LES IDÉES ET LES JUGEMENTS DE BONAPARTE



CHAPITRE PREMIER

COMMENT BONAPARTE EST-IL PARVENU AU
GOUVERNEMENT DE LA FRANCE ?


Pour bien connaître les causes qui ont amené la domination de Bonaparte sur la France, il suffit de jeter un coup d’œil sur la position dans laquelle se trouvait la France au moment où Bonaparte fut appelé à prendre les rênes du gouvernement.

Le pouvoir exécutif était confié à un conseil composé de cinq hommes : la puissance législative était exercée par deux Chambres dont les membres avaient appartenu aux assemblées orageuses qui avaient précédé.

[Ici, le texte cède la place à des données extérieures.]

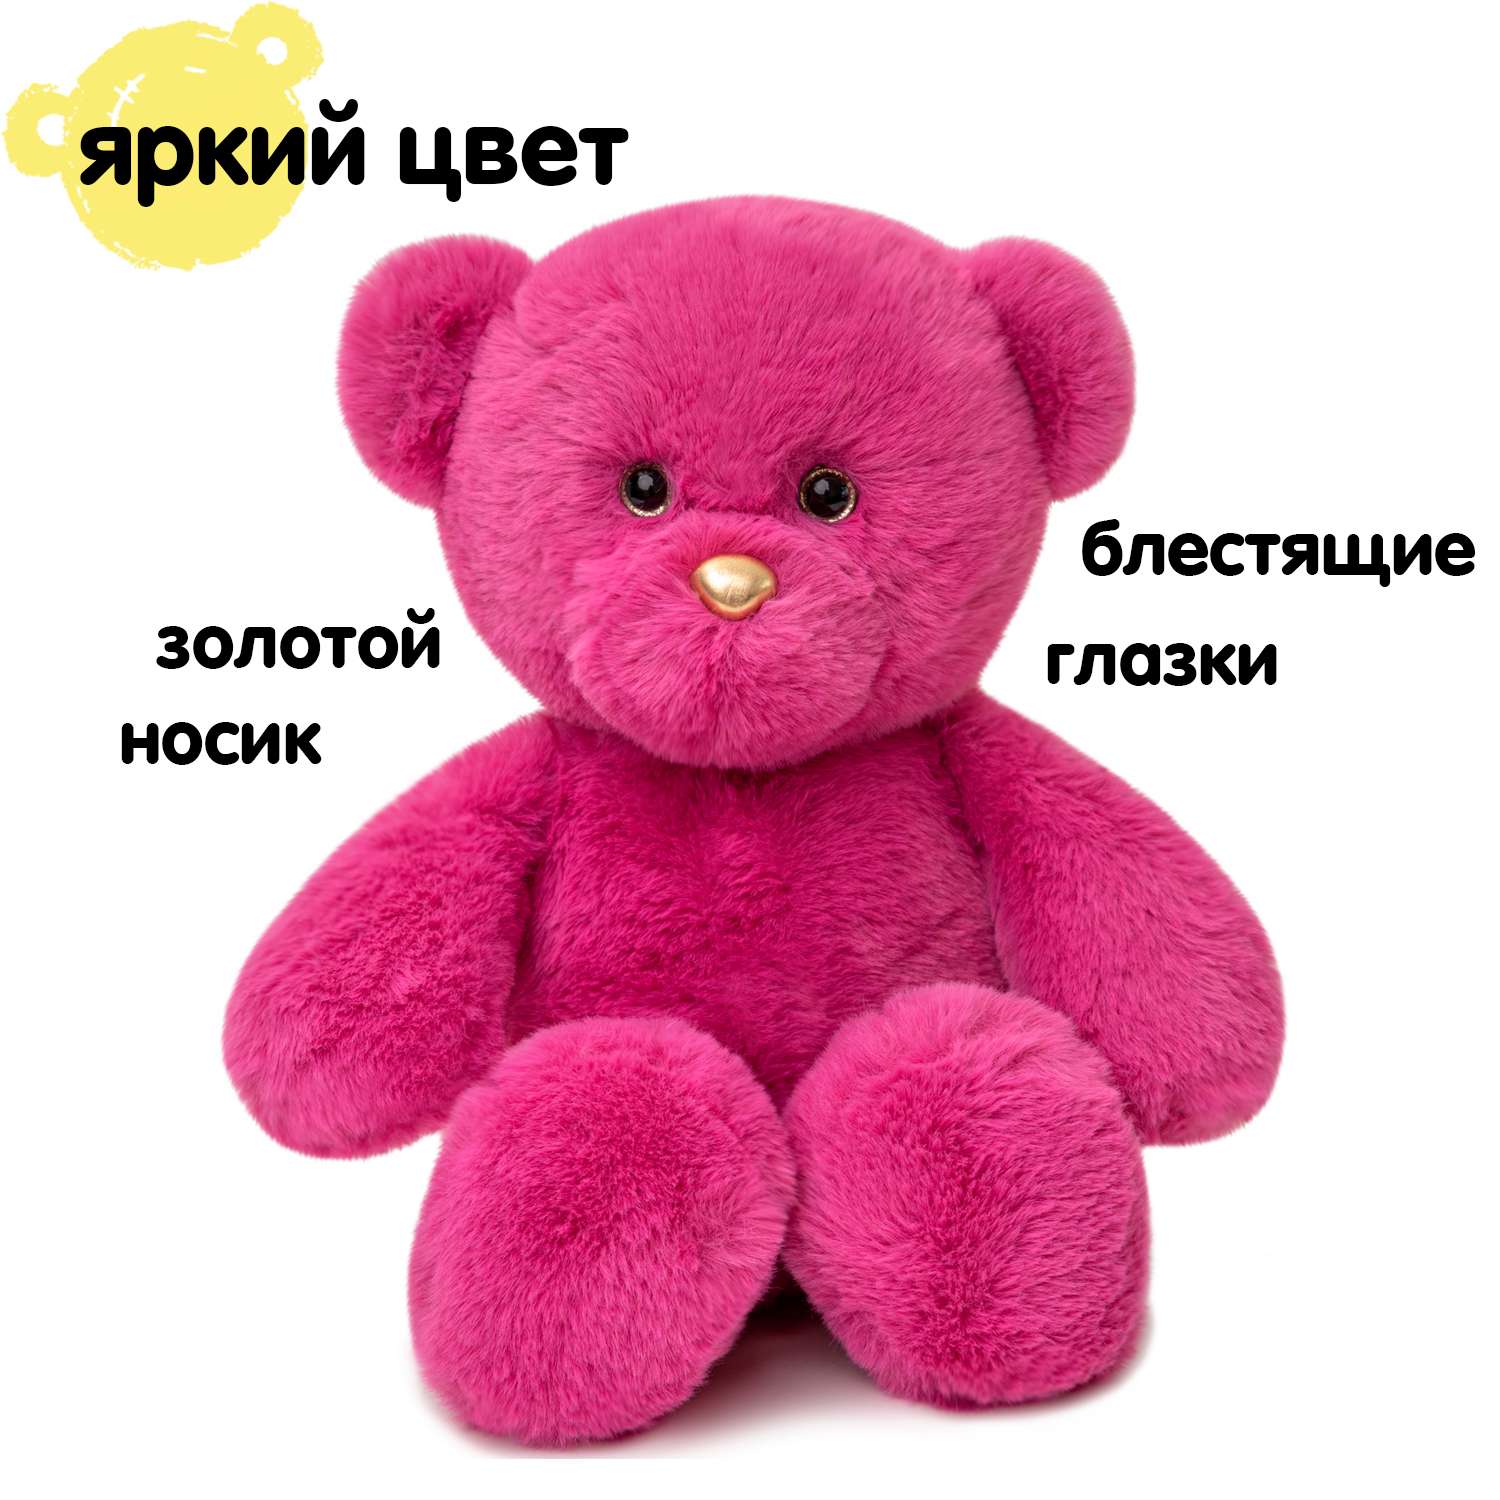 Мягкая игрушка KULT of toys Плюшевый мишка 35 см цвет розовый - фото 2

L’ennemi était maître sur le Rhin et en Italie. La Vendée faisait des progrès. L’inquiétude, l’agitation, le mécontentement étaient partout à leur comble. Les cinq membres du Directoire, divisés d’opinion ou d’intérêt, n’avaient ni assez de force ni assez d’ensemble pour comprimer les partis, étouffer les passions et suivre une marche ferme et uniforme. Si les sociétés populaires n’existaient plus, les éléments en étaient encore partout. Les chefs du parti populaire dominaient dans les administrations ; leurs principes, incompatibles avec la marche d’un gouvernement régulier et conforme aux lois, présentaient des obstacles et mettaient des entraves à l’exécution de toutes les mesures ordonnées par l’autorité. Ce gouvernement n’était point tyrannique et atroce comme celui du Comité de salut public qui l’avait précédé, mais il portait avec lui les germes d’une dissolution générale. En effet, le pouvoir exécutif, confié à un conseil de cinq personnes, ne peut point avoir cette unité, ni cette force, ni ce secret, ni cette activité qui sont inséparables de l’action. Sans doute, la formation de la loi exige le concours et la délibération de plusieurs, mais son exécution ne doit être confiée qu’à un seul. La préparation de la loi doit être lente et éclairée, mais l’action ou l’application doit être rapide et absolue, ce qui ne s’obtient ni par des discussions, ni par des volontés souvent opposées entre elles.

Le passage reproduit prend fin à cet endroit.